NetBSD Problem Report #55506
From kardel@Kardel.name Tue Jul 21 06:25:56 2020
Return-Path: <kardel@Kardel.name>
Received: from mail.netbsd.org (mail.netbsd.org [199.233.217.200])
(using TLSv1.2 with cipher ECDHE-RSA-AES256-GCM-SHA384 (256/256 bits))
(Client CN "mail.NetBSD.org", Issuer "mail.NetBSD.org CA" (not verified))
by mollari.NetBSD.org (Postfix) with ESMTPS id AAA741A9213
for <gnats-bugs@gnats.NetBSD.org>; Tue, 21 Jul 2020 06:25:56 +0000 (UTC)
Message-Id: <20200721062553.224A144B3E@Andromeda.Kardel.name>
Date: Tue, 21 Jul 2020 08:25:53 +0200 (CEST)
From: kardel@netbsd.org
Reply-To: kardel@netbsd.org
To: gnats-bugs@NetBSD.org
Subject: gpioctl/mcp23s17gpio0/spi0 stalls on cv spixfr
X-Send-Pr-Version: 3.95
>Number: 55506
>Category: kern
>Synopsis: gpioctl/mcp23s17gpio0/spi0 stalls on cv spixfr
>Confidential: no
>Severity: serious
>Priority: high
>Responsible: kern-bug-people
>State: closed
>Class: sw-bug
>Submitter-Id: net
>Arrival-Date: Tue Jul 21 06:30:00 +0000 2020
>Closed-Date: Sun Aug 09 19:28:17 +0000 2020
>Last-Modified: Tue Aug 11 19:15:01 +0000 2020
>Originator: Frank Kardel
>Release: NetBSD 9.99.69
>Organization:
>Environment:
System: NetBSD assel 9.99.69 NetBSD 9.99.69 (ASSEL) #1: Mon Jul 20 14:14:32 CEST 2020 kardel@Andromeda:/src/NetBSD/cur/src/obj.evbarm/sys/arch/evbarm/compile/ASSEL evbarm
Architecture: earmv7hf
Machine: evbarm
>Description:
This issue has been observed since NetBSD 8.99.xx
The board is a Raspberry Pi 2 Model B Rev 1.1
A program is polling/setting gpio pins on a piface2 board (mcp23s17) gets stuck
on the cv spixfr after some hours (on 8.99.xx it was after some days).
In parallel to the gpio polling program the munin monitoring system executes
"gpioctl <device> <PIN-name>" commands for all pins every 5 minutes.
These gpioctl programs also get stuck (interruptable) at the gpio layer.
The driver is waiting in spi_wait and it cannot be interrupted or does not
time out.
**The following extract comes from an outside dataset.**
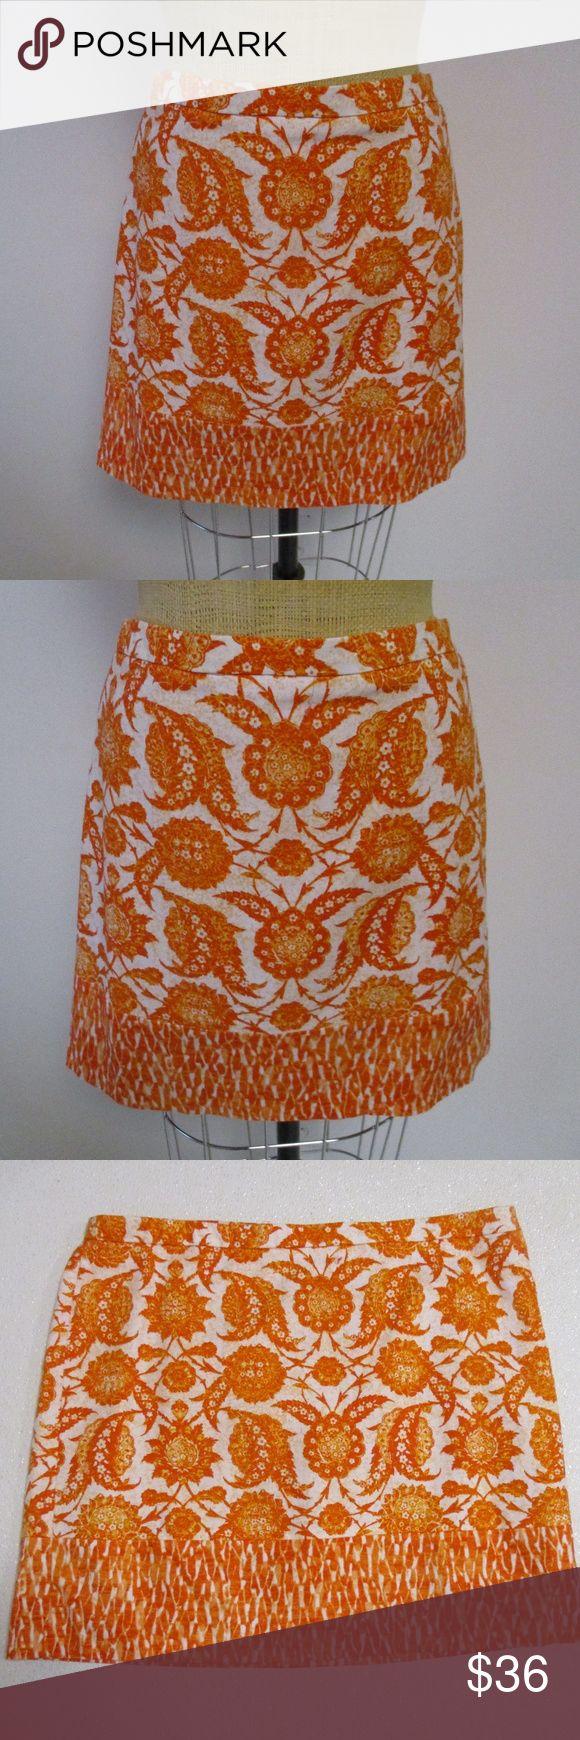 "Michael Kors Orange White Floral Skirt 14 Cute skirt from Michael Kors in size 14     Orange and white print     Straight style     Above knee length     98% cotton/2% elastane     Excellent condition     Machine washable cold     Waist- 35""  Hips- 45""  Length- 17.5"" Michael Kors Skirts Mini"

It seems that the state machine in spi.c/bcm2835_spi.c does never
reach the (st->st_flags & SPI_F_DONE) != 0 state spi_wait waits for.
Are we missing an interrupt and do we have another issue as a
state handling botch or a bug in the usage of the spi API in mcp23s17.c?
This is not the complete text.